我是 Python 新手,我正在尝试使用最重要的信息为 youtube 编写评论抓取器,并将其放入 JSON 文件中。但我的评论和回复数量和Youtube上不一样。我不知道,我的错误在哪里。我认识到,如果评论少于 20 条,它不会在文件中写入任何数据,但我不知道,我必须在哪里更改某些内容...
示例:
https://youtu.be/Re1m9O7q-9U这里我得到102,但应该是107
https://youtu.be/Q9Y5m1fQ7Fk这里我得到423,但应该是486
https://youtu.be/cMhE5BfmFkM这里我得到1315,但应该是2052
这是代码:
class YT_Comments:
def __init__(self, api_key):
self.api_key = api_key
self.comment_int = 0
def get_video_comments(self, video_id, limit):
url = f"https://youtube.googleapis.com/youtube/v3/commentThreads?part=replies%2C%20snippet&order=relevance&videoId={video_id}&key={self.api_key}"
vid_comments = []
pc, npt = self._get_comments_per_page(url)
if limit is not None and isinstance(limit, int):
url += f"&maxResults={str(limit)}"
while (npt is not None):
nexturl = url + "&pageToken=" + npt
pc, npt = self._get_comments_per_page(nexturl)
vid_comments.append(pc)
print(self.comment_int)
print(len(vid_comments))
return vid_comments
def _get_comments_per_page(self, url):
json_url = requests.get(url)
data = json.loads(json_url.text)
page_comments = []
if "items" not in data:
return page_comments, None
item_data = data["items"]
nextPageToken = data.get("nextPageToken", None)

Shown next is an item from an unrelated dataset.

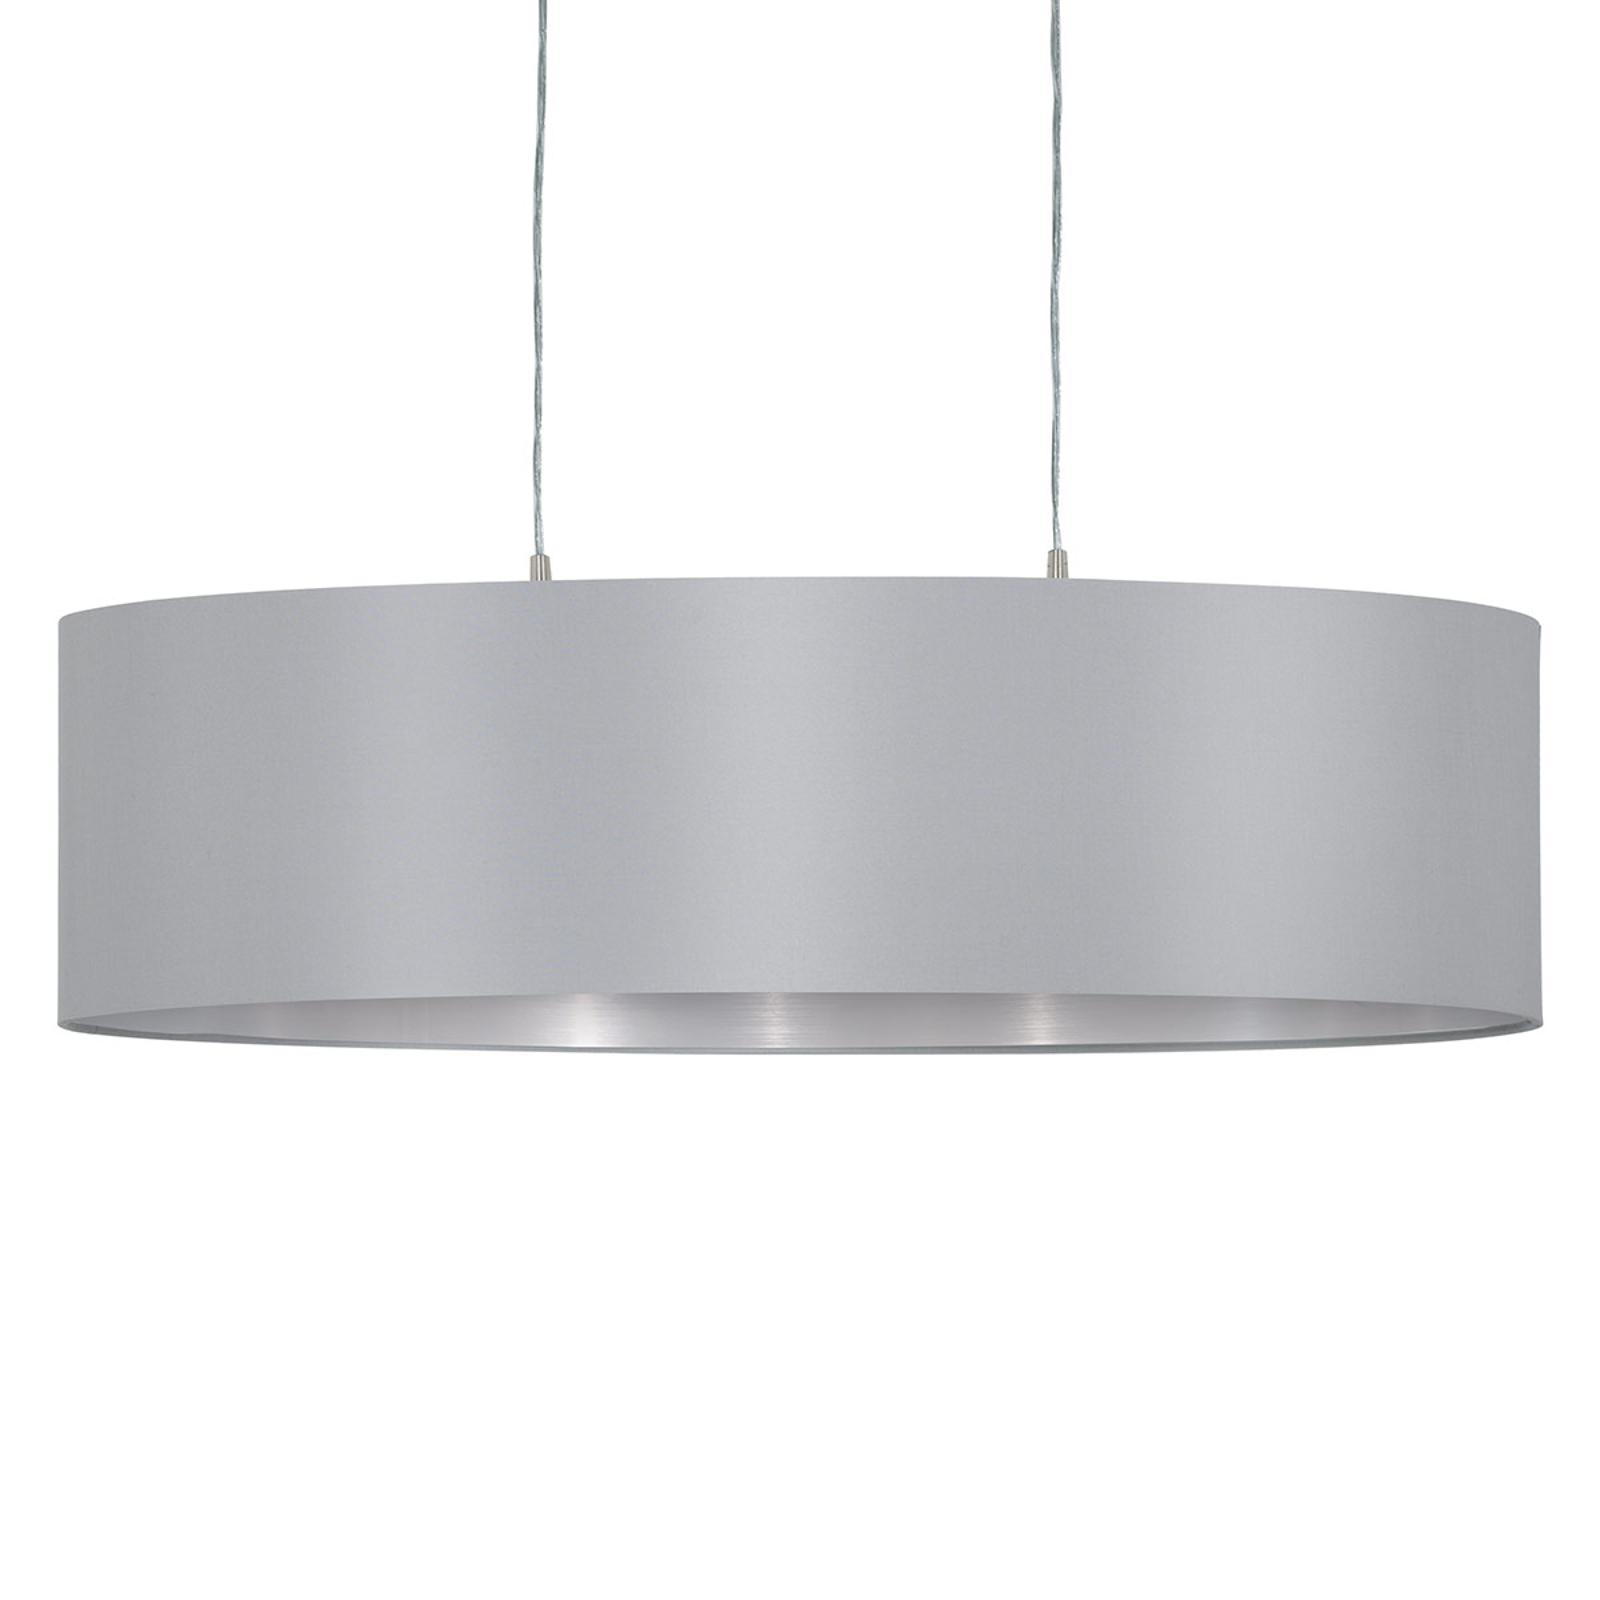 Hänglampa Maserlo oval, grå-silver

for item in tqdm.tqdm(item_data):
try:
kind = item["kind"]
if kind == "youtube#comment" or "youtube#commentThread":
comment_text = item["snippet"]["topLevelComment"]["snippet"]["textOriginal"]
comment_author = item["snippet"]["topLevelComment"]["snippet"]["authorDisplayName"]
author_id = item["snippet"]["topLevelComment"]["snippet"]["authorChannelId"]["value"]
comment_like_count = item["snippet"]["topLevelComment"]["snippet"]["likeCount"]
comment_date = item["snippet"]["topLevelComment"]["snippet"]["publishedAt"]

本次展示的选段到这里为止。